§ WHAT IS EXPECTED: Repeat the entries below exactly, pictures excluded.
┌──
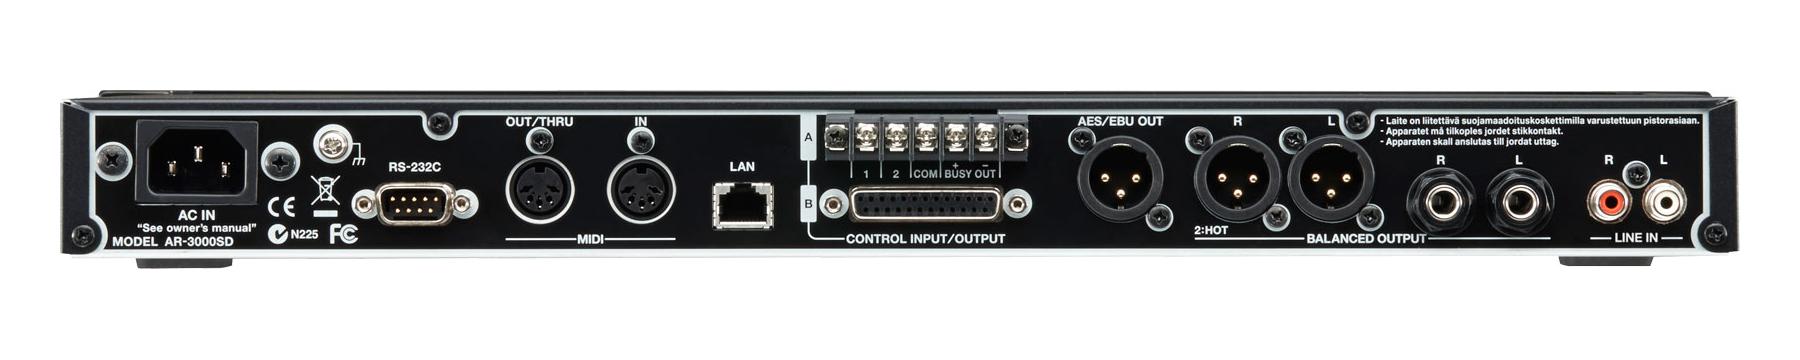 Roland AR-3000SD Rear Connectors
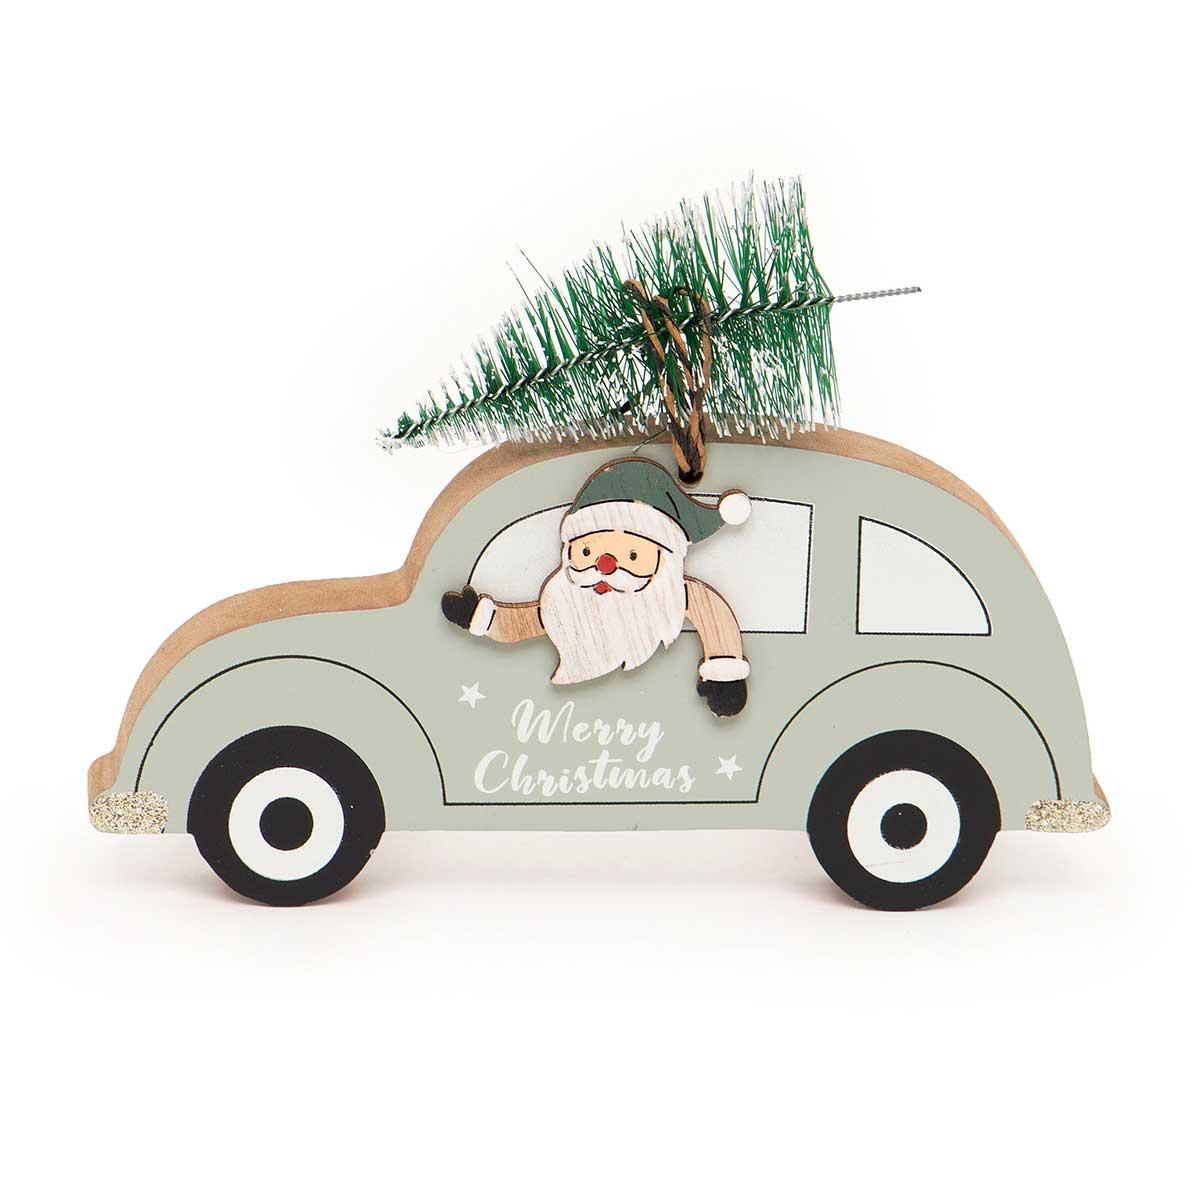 WOOD SANTA IN CAR WITH TREE
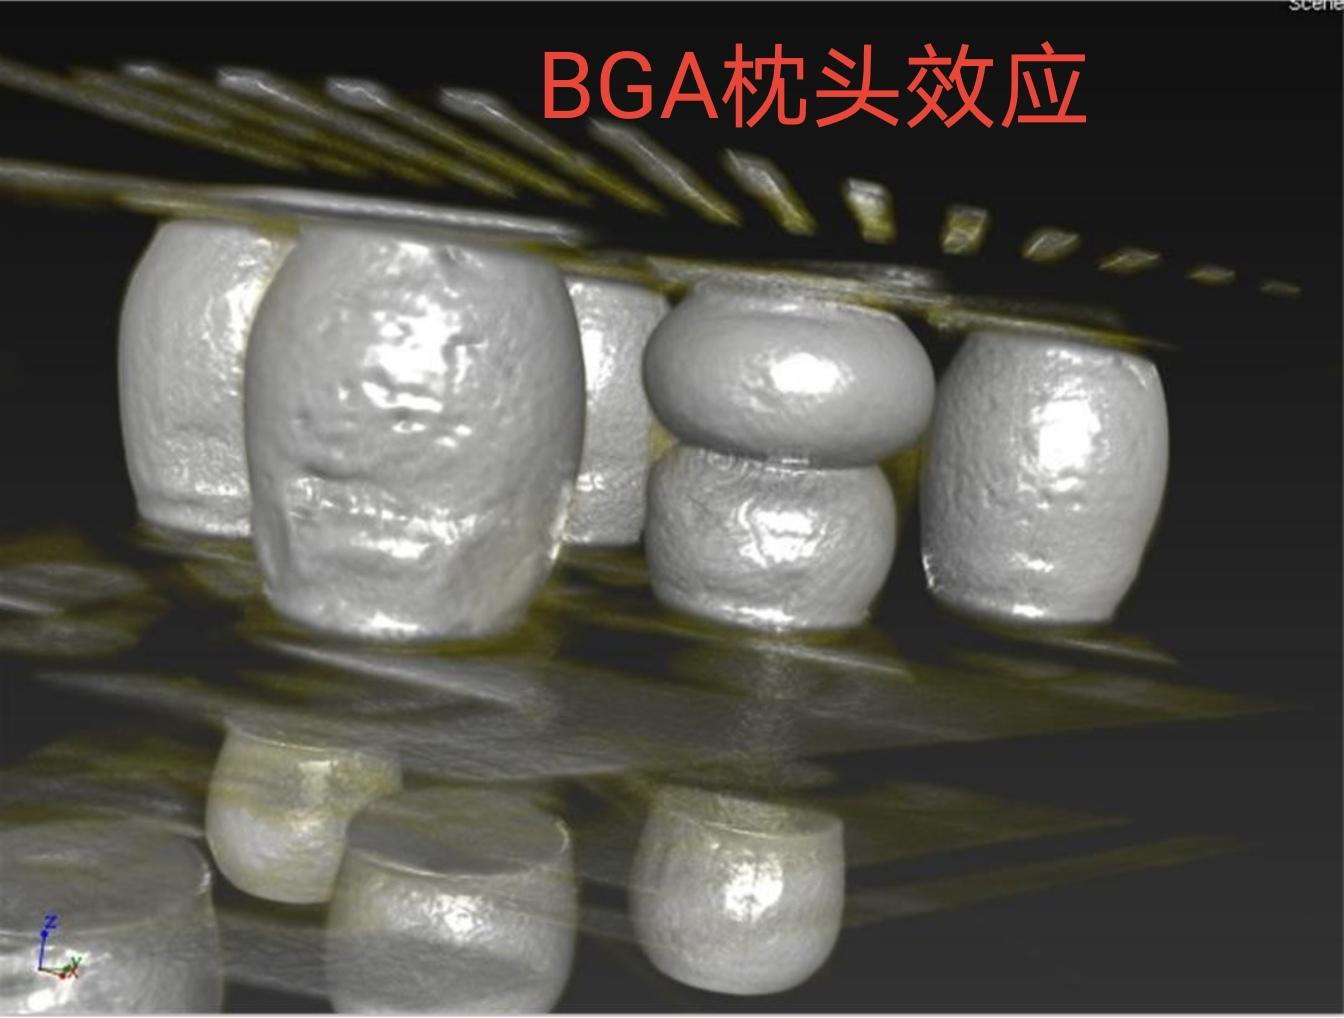 3D X-RAY检测BGA虚焊,让虚焊现出原形
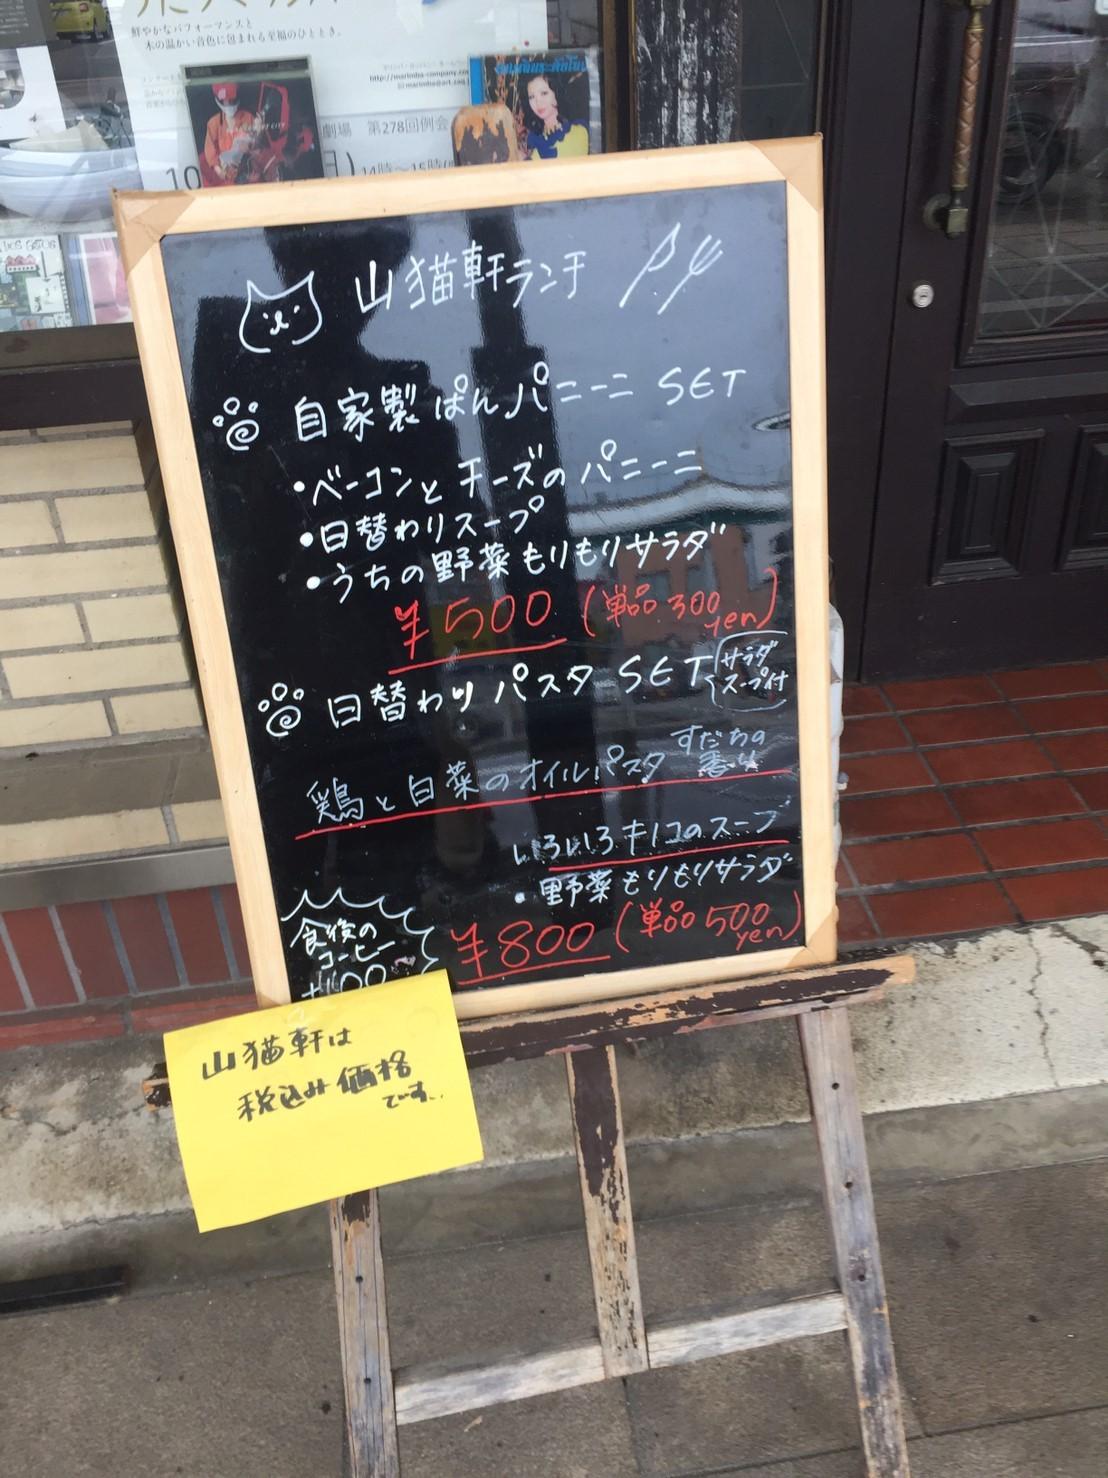 Vineria 農楽ttoria 山猫軒  荻ちゃんとランチ_e0115904_05265481.jpg
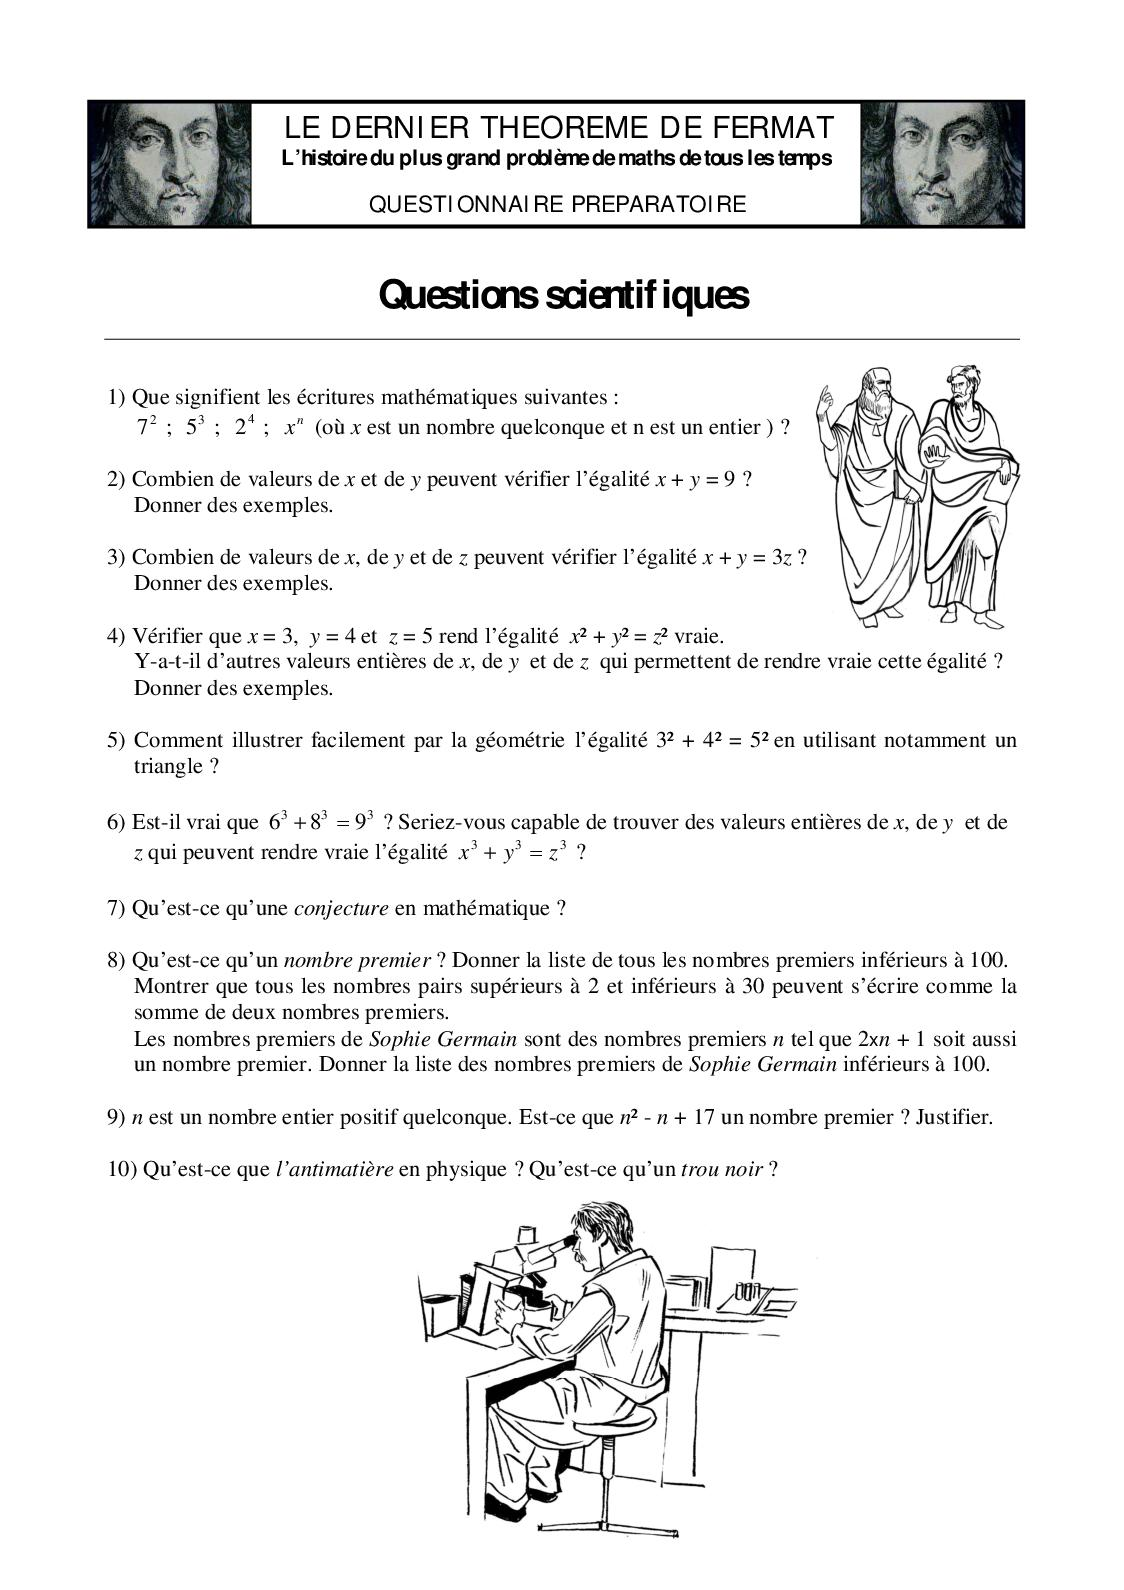 Calameo Document Pr Paratoire Dernier Th Or Me De Ferma Utf 8 B D
└──
§ RESULT OF THE EXERCISE:
 Roland AR-3000SD Rear Connectors
 WOOD SANTA IN CAR WITH TREE
 3D X-RAY检测BGA虚焊,让虚焊现出原形
 Vineria 農楽ttoria 山猫軒  荻ちゃんとランチ_e0115904_05265481.jpg
 Calameo Document Pr Paratoire Dernier Th Or Me De Ferma Utf 8 B D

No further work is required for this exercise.